You're gonna need a new rear rim for sure. It must have sat in dampness and got rusty as those were very durable. It is likely a 48 spoke rim and might be difficult to find a new one. but a lot of Schwinn Twinn's parted out so a good used one may  turn up. Either have a good bike craftsman spoke your original hub to a new rim or try to find an exact used replacement so the rear brake and gear set is still functional.


----------



## Oldbikeguy1960 (May 14, 2022)

Standard 36 spoke S-7 5 speed rim, I counted the spokes.

The drum hub can be reused. That would be the hard part of finding a wheel. 

I have a S-7 36 Hole rim in nice condition. I may also have spokes but I would need the length of the spokes from each side of the hub since they may be different.


----------



## mejaka (May 19, 2022)

Oldbikeguy1960 said:


> Standard 36 spoke S-7 5 speed rim, I counted the spokes.
> 
> The drum hub can be reused. That would be the hard part of finding a wheel.
> 
> I have a S-7 36 Hole rim in nice condition. I may also have spokes but I would need the length of the spokes from each side of the hub since they may be different.

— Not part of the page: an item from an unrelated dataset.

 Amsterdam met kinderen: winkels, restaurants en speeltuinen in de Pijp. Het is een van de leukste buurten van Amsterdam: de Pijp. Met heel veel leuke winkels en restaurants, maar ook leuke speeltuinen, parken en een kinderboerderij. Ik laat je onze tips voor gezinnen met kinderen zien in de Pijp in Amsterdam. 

I'm going to be late for work but I just saw this.   OBG, I will measure as soon as I get home around noon!  I've had my girl here fresh off Okinawa (headed for Pendleton) and she managed to convince all her brothers to come home as well, so it's been a busy 10 days.  She's also regretful of her haste in dismantling the bike and super happy to hear I might fix it up.  I'm in waaaay over my head with this and I'm more of a multipotentialist than someone with focused (or focusable) passion, but if I can keep my direction long enough we might get her in rideable shape!  And maybe once another personal goal is met (funds-wise), I'll even be able to look into a more serious restoration (if I can find a passionate bike/Schwinn person to help me--gonna join the Boise Bicycle Project to that end, and they'd be able to help with the spoke attachment and tightening as well).


----------



## HEMI426 (May 19, 2022)

Tell your daughter Thank You for her service from the Cabe.


----------



## mejaka (May 19, 2022)

HEMI426 said:


> Tell your daughter Thank You for her service from the Cabe.

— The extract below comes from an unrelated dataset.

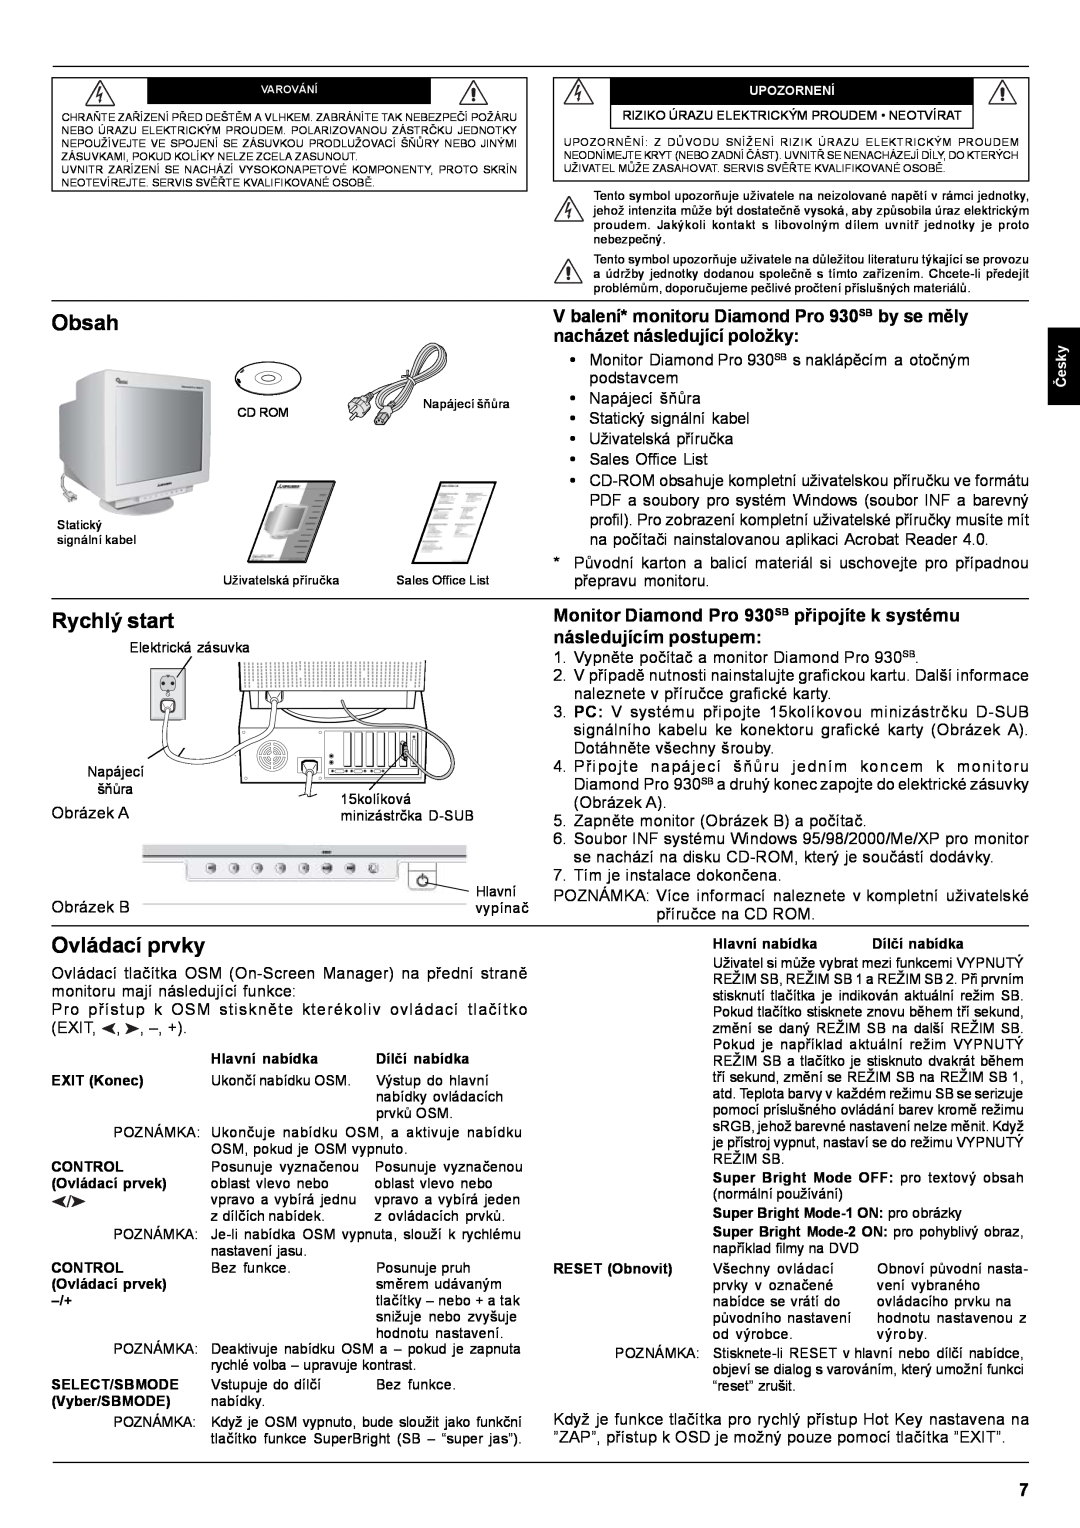 Mitsubishi Electronics Pro 930SB user manual Obsah, Rychlý start, Ovládací prvky

l'll tell her and her companion both.  She married another Marine who has since been medically retired after a training injury.  Thank you.


----------



## rickpaulos (May 22, 2022)

Technically, the 5 speed version was called 'Deluxe Twinn". The regular 1 or 2 speeds versions were just Twinn.

And yeah, a replacing just the rim, reusing the hub and spokes would be the best approach.

Just a reminder to remove the freewheel before removing the spokes.  Some newbs will cut the spokes out first. Doh. It's very hard to get a freewheel off just a hub, well beyond most newb abilities.

Reusing the spokes should be okay.  Start by putting some drops of penetrating oil on all the nipples so they can be un-threaded easier. Give that some time to soak.   Some might break off when trying to unthread the nipples.  Don't force it, work them back and forth a bit to get them moving. Using a correct size of spoke wrench will keep the nipples from getting rounded off.  Seeing that the rim has rusted clear through, I would expect some of the brass nipples to be very stubborn.  Trying to find thicker spokes in those sizes may be a challenge.  DT ( a Swiss brand) 2.0mm stainless spokes may be strong enough as a replacement but the hub flanges are also drilled out for the larger spoke size and a normal size spoke head won't seat properly.

Twinns had heavy duty spokes with heavy duty spoke nipples that won't fit in a standard rim. Schwinn had heavy duty versions of the rims that had larger spoke holes.  Off hand i don't remember if the Twinns had 12g or 10g spokes.  You will need to measure to be sure.  Measure the spoke hole in the rim too.   Some decent calipers will be handy for measuring the current spokes.  Drilling out the holes in a chrome steel rim will ruin the chrome finish and they will rust very quickly.  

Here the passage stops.